"Non desiderare la moglie del tuo prossimo"... NONO COMANDAMENTO



Nono Comandamento

"Non desiderare la moglie del tuo prossimo" (Es. 20,17)

Questo comandamento riguarda l'intenzione del cuore, si collega al sesto, nel quale fra le altre mancanze viene condannato l'adulterio. Se è peccato prendere la moglie di un altro, è peccato anche il desiderio di prenderla, “chiunque guarda una donna per desiderarla, ha già commesso adulterio con lei nel suo cuore" (Mt. 5,27-28). Adultero non è solo chi giunge all'atto di peccare con un'altra donna, ma anche chi vorrebbe farlo se ne avesse l'occasione, guardando con fame di sensi la donna o l'uomo non suoi. Non è male desiderare una donna o un uomo se sono belli e attraenti: saremmo dei malati se non lo facessimo. La bellezza e l'istinto sessuale vengono da Dio. Il male è desiderare dopo aver contemplato e volere dopo aver desiderato. Volere e cercare di avere a tutti i costi ciò che non ci appartiene. Bisogna quindi stare attenti anche con i pensieri e i desideri, perché siamo fragili. La prudenza, che è la prima delle quattro virtù cardinali, ci aiuta a non sbagliare.

Si può rubare una donna anche col desiderarla e si può desiderarla anche senza rubarla. Nel primo caso è peccato, nel secondo no. Si ruba la moglie ad un marito o un marito ad una moglie anche con un semplice sguardo, quando lo sguardo è malizioso, cioè quando si passa dallo sguardo al desiderio, dal desiderio alla seduzione, dalla seduzione all'accordo, dall'accordo all'atto. Dai nascosti desideri maligni nascono le aperte azioni cattive. È dal cuore che provengono "gli omicidi, gli adultèri, le prostituzioni, i furti, le false testimonianze, le bestemmie" (Mt. 15,19). Dobbiamo quindi purificare il nostro cuore, desiderando solo ciò che è buono e volendo solo ciò che è bene, poiché la pienezza della gioia e della soddisfazione non si può raggiungere su questa terra. Non desiderare la donna d'altri significa anche non ridurre la persona da soggetto a oggetto. Questo peccato può verificarsi anche all'interno del matrimonio, quando un coniuge desidera l'altro solo come strumento per soddisfare la propria libidine. Il vero amore non è mai egoistico e ristretto, bensì generoso e aperto. Il vero amore non si costruisce nel ricevere, ma nel dare.

Il nono comandamento richiede di vincere la concupiscenza carnale nei pensieri e nei desideri. La lotta contro tale concupiscenza passa attraverso la purificazione del cuore che presuppone la limpidezza delle intenzioni, la trasparenza dello sguardo, la disciplina dei sentimenti e dell'immaginazione con la pratica della temperanza.
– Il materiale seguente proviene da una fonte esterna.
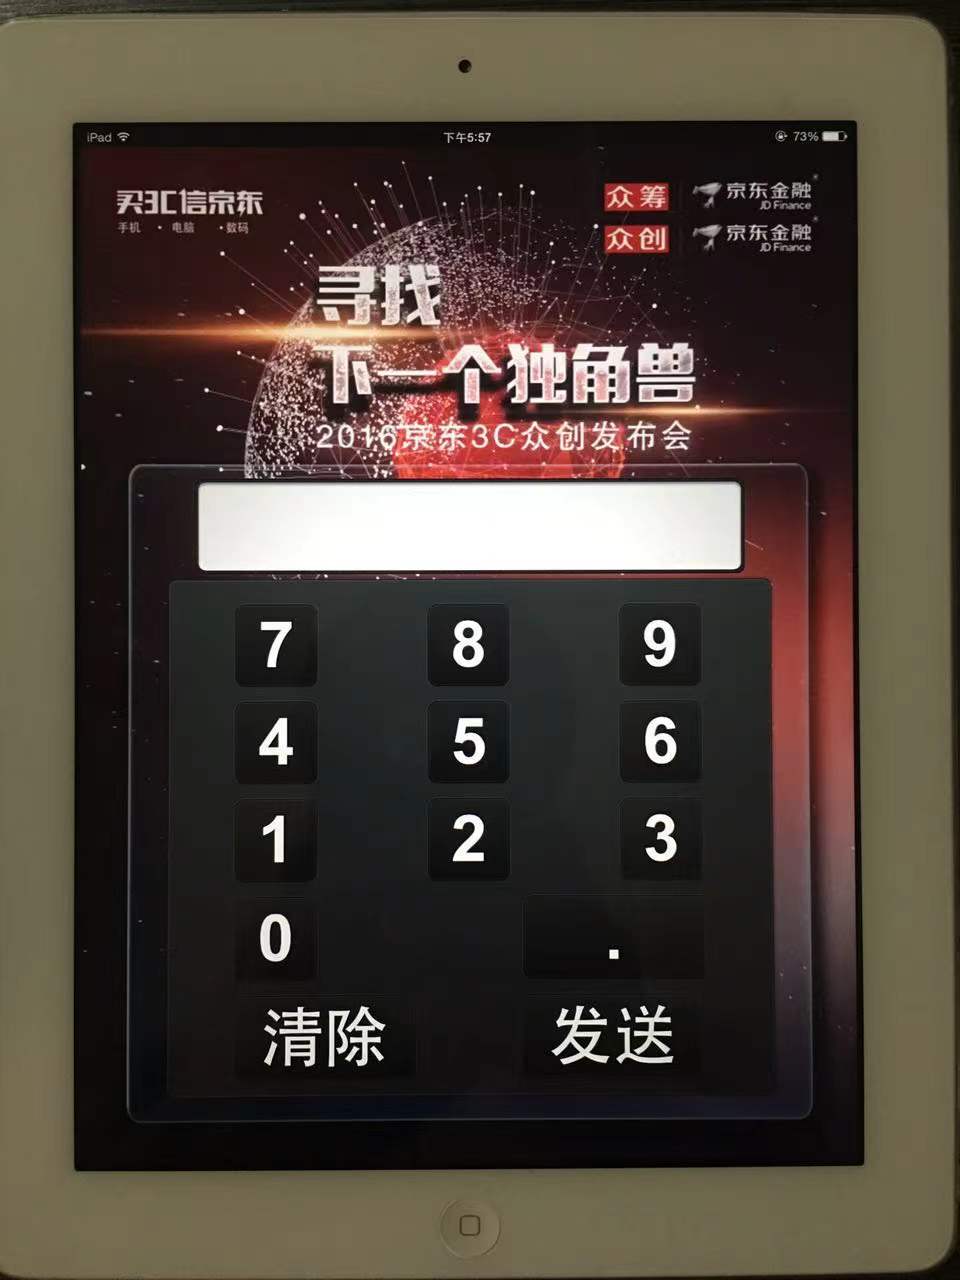 廊坊打分器公司 北京九鼎伟星科技有限公司

L'obiettivo del comandamento è la fedeltà reciproca tra uomo e donna nel matrimonio, la loro fedeltà sarà completa solamente se sapranno essere fedeli l'uno all'altra nel pensiero e nel desiderio, e sapranno giungere a una trasparenza totale tra di loro.

Talvolta ci accorgiamo che dentro di noi, si svolge come una lotta tra le tendenze e i desideri dello Spirito, che ci mostrano il bene, e le tendenze della carne, che ci spingono a fare il male: è il combattimento spirituale. È il cuore, infatti, che bisogna purificare perché, S. Matteo dice: "Beati i puri di cuore perché vedranno Dio". I puri di cuore sono quelli che cercano di vivere la santità di Dio nella loro vita.

San Giovanni distingue tre tipi di smodato desiderio o concupiscenza: la concupiscenza della carne, la concupiscenza degli occhi e la superbia della vita. La "concupiscenza", è ogni forma veemente di desiderio umano e il moto dell'appetito sensibile che si oppone ai dettami della ragione umana, genera disordine nelle facoltà morali dell'uomo e, senza essere in sé stessa una colpa, inclina l'uomo a commettere il peccato. Dunque, cosa salva l’uomo? La Grazia di Dio, perché con la grazia di Dio, si giunge alla purezza del cuore, mediante la virtù e il dono della castità: la purezza d’intenzione, la purezza dello sguardo, esteriore ed interiore e la preghiera. La purezza, però, esige il pudore perché preserva l’intimità della persona.